With that in mind, Bresnik said he did not anticipate a victory for his pupil this year.
“That does not mean I would not love to be wrong,” he said.
He does see new maturity in Thiem, more controlled aggression on critical points and more skill on the attack. He is also convinced that Thiem will not come out “as flat” as he did in last year’s semifinal, which came after Thiem had defeated Djokovic in the quarterfinals.
“It was a poor performance,” Bresnik said. “And I think at that time Dominic had still problems to play against two great players in a row.”
Bresnik likes Thiem’s current state of mind and form after encouraging him to play at the low-level ATP event in Lyon, France, the week before Roland Garros. Thiem ended up winning the title.
Bresnik has taken plenty of flak through the years for pushing Thiem to play such a dense tournament schedule, but the coach has long insisted that it is part of a master plan to build a resilient champion.
“Everybody calls me an idiot, maybe even for good reason,” Bresnik said. “But I like this. And I’m really happy to prove the people wrong, because all the guys who practiced the week or 10 days before Roland Garros, they are already at home for a week.

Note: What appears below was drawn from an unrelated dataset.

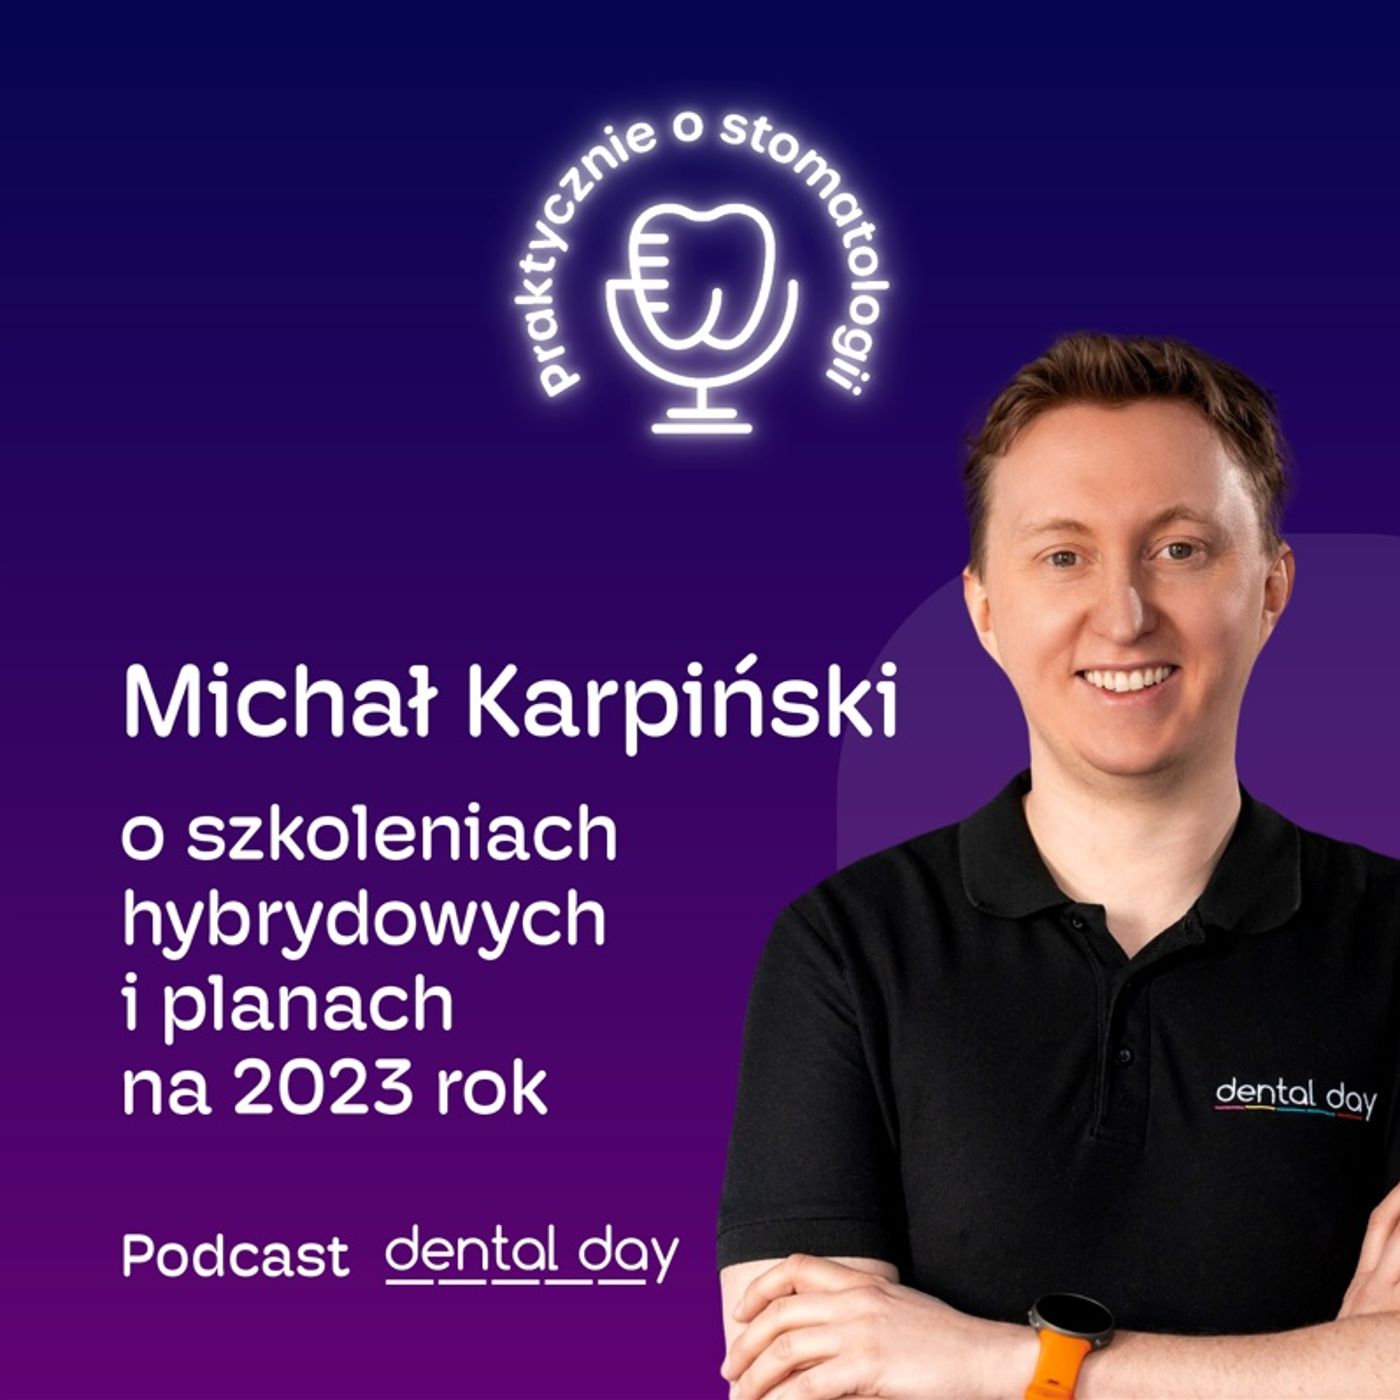 Michał Karpiński: szkolenia hybrydowe i plany na 2023 r.

“Dominic played four matches in Lyon, came here Saturday late at night with the train, practiced the next day and played on Monday. People said: ‘It’s stupid. He’s not going to last.’ But my idea behind this is that to prepare people for handling high pressure, physically and mentally, you have to put them under pressure, well dosed, not too much and not too little, but under pressure.”
But as the record so clearly shows, no one has ever applied more physical and mental pressure for so long to opponents on clay than Nadal.
“As long as Rafa is healthy, it will be very difficult to beat him here,” del Potro said on Friday. “And if he can maintain his desire, I think he can win many more times.”
This year, for a change, it is up to the younger generation to try to stop him.